What They Say:
Among 14 strangers, you find yourself at the outskirts of the backwater town of Prehevil. A town that still holds tight onto its ancient rites and macabre traditions. You are forced to partake in the Festival of Termina, an ominous event that only occurs once every pale and sickly green moon. A moon that happens to be grinning and watching your every step… There is only one that walks away once the three days are over.
Content: (please note that content portions of a review may contain spoilers, also please note that Fear and Hunger 2: Termina is a game that includes discussions of the following: Sexual assault, intense violence, drug use, suicide, self-harm, murder, etc. While these topics are not discussed in detail in the review, please take these warnings into account.)

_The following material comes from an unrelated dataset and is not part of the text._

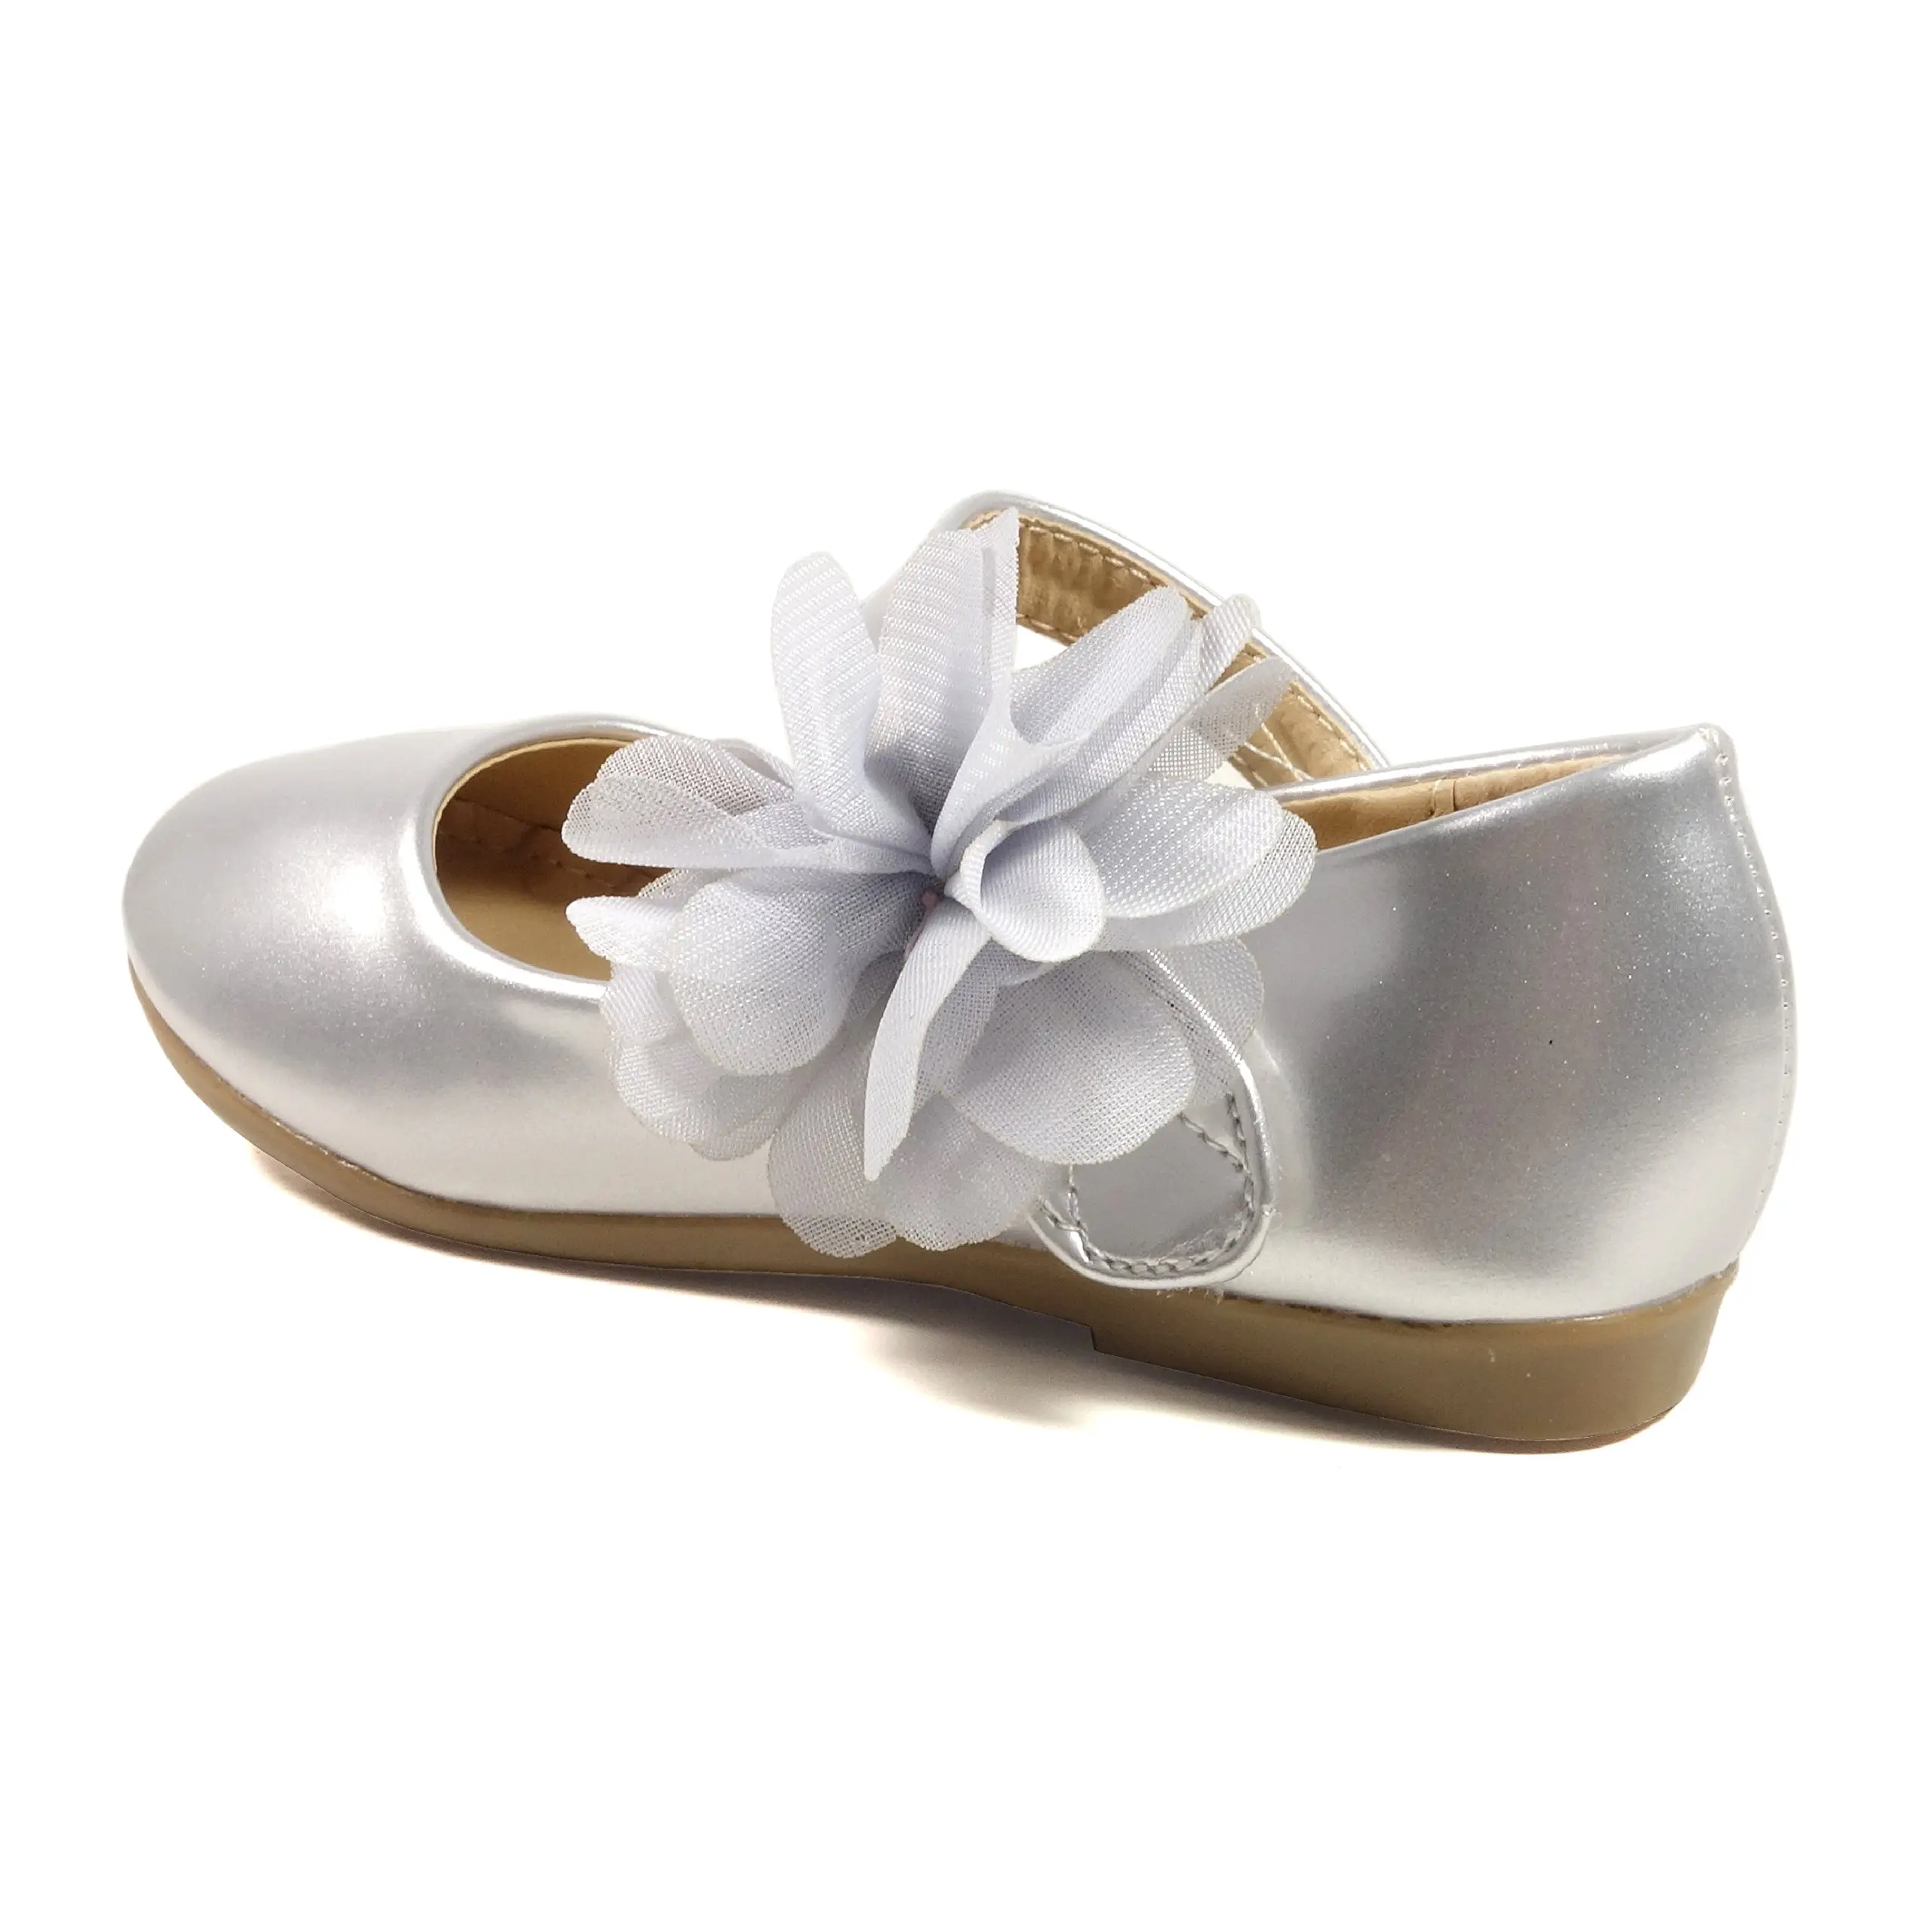 Nova Toddler white kids girls dress shoes jelly sandals for kids girl suitable for summer

These days it’s not often that I find myself fully absorbed in a video game. Recent years have found me drifting away from a medium I used to love. However one thing has held true in my heart, and that is the oft-untapped potential of video games as art. It’s one thing for a story to grab us, to immerse us in the world of the story and to make us love (or hate) the characters. It’s another thing entirely for the work of art to ask the consumer to interact directly with its world, to inhabit its characters, and make the player truly grapple with the situation at hand. Many video games over the past few decades have done just such a thing. Games like Metal Gear Solid 2, Pathologic, The Last of Us, Dark Souls, the list goes on.

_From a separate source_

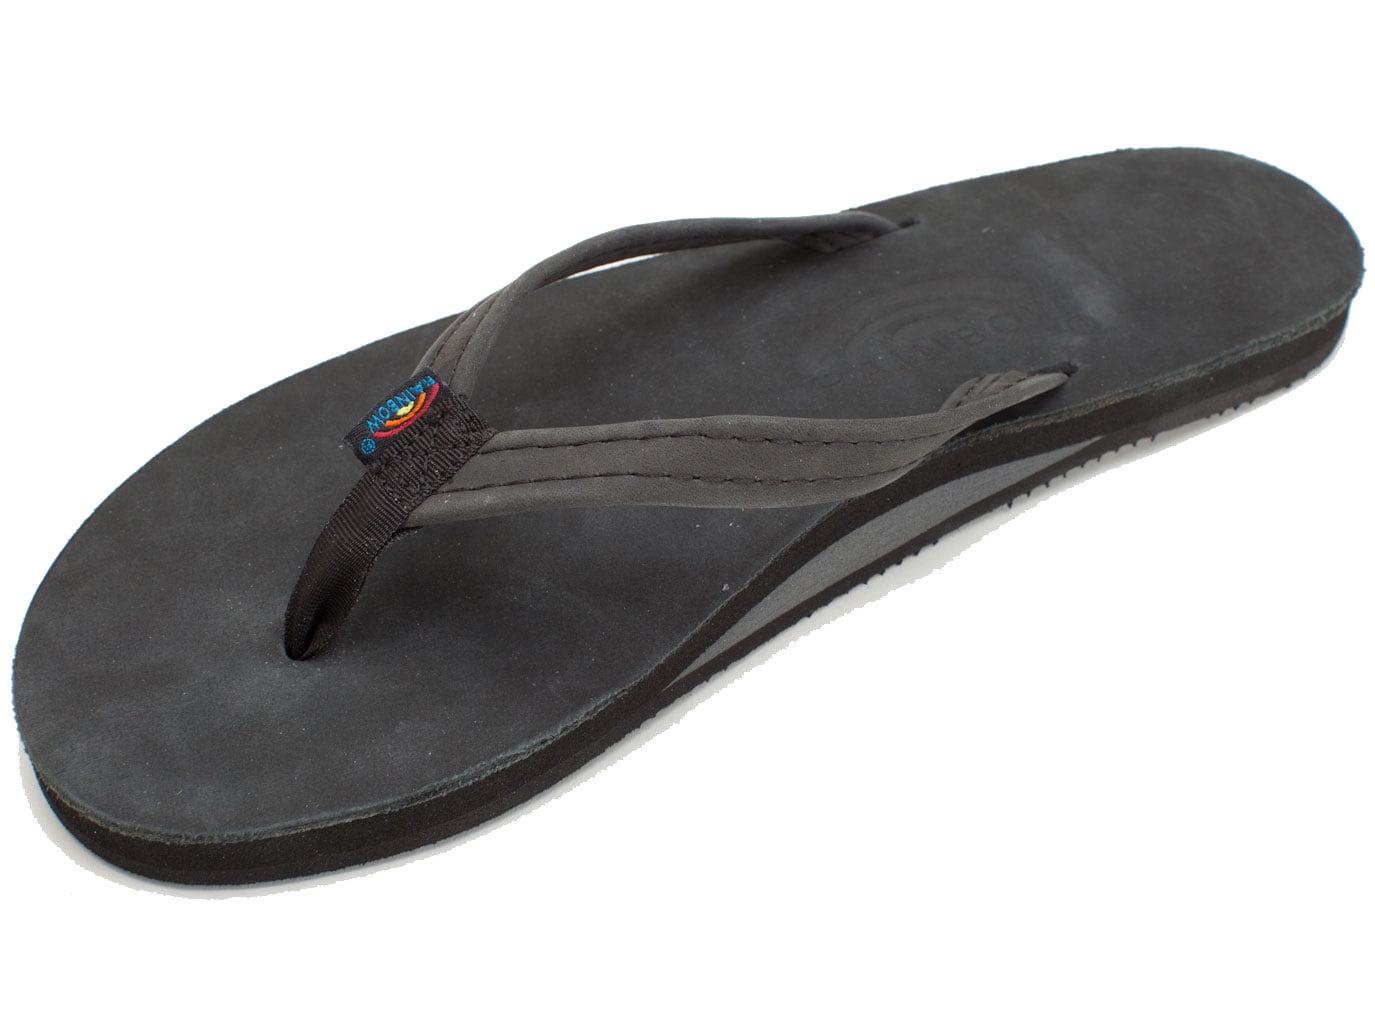 rainbow flip flops on sale

One such genre has a stranglehold on this demographic: survival horror. These games, since their inception, have enthralled gamers not with tales of triumph, of mechanics built around empowering the player and extracting a sense of primal fun from their mechanics. They have, instead, found a gaming niche in the opposite direction. Survival horror games push players to their limits, disempowering them and placing them in a world where every enemy is not just out to get them, but has a stark physical advantage over the player. The triumphs of survival horror don’t bring the player the same catharsis as, say, killing a boss in DOOM. They bring the player a different one, the catharsis of triumphing over sheer, insurmountable adversity, pushing players’ resource management and tactical skills to their limits. Fear and Hunger 2: Termina is a survival horror game like no other. A sequel to the developer’s first game, Fear and Hunger, its core gameplay loop is threefold: resource management where you need to keep your characters health, hunger, and sanity topped up, puzzle solving, and turn-based RPG-style combat.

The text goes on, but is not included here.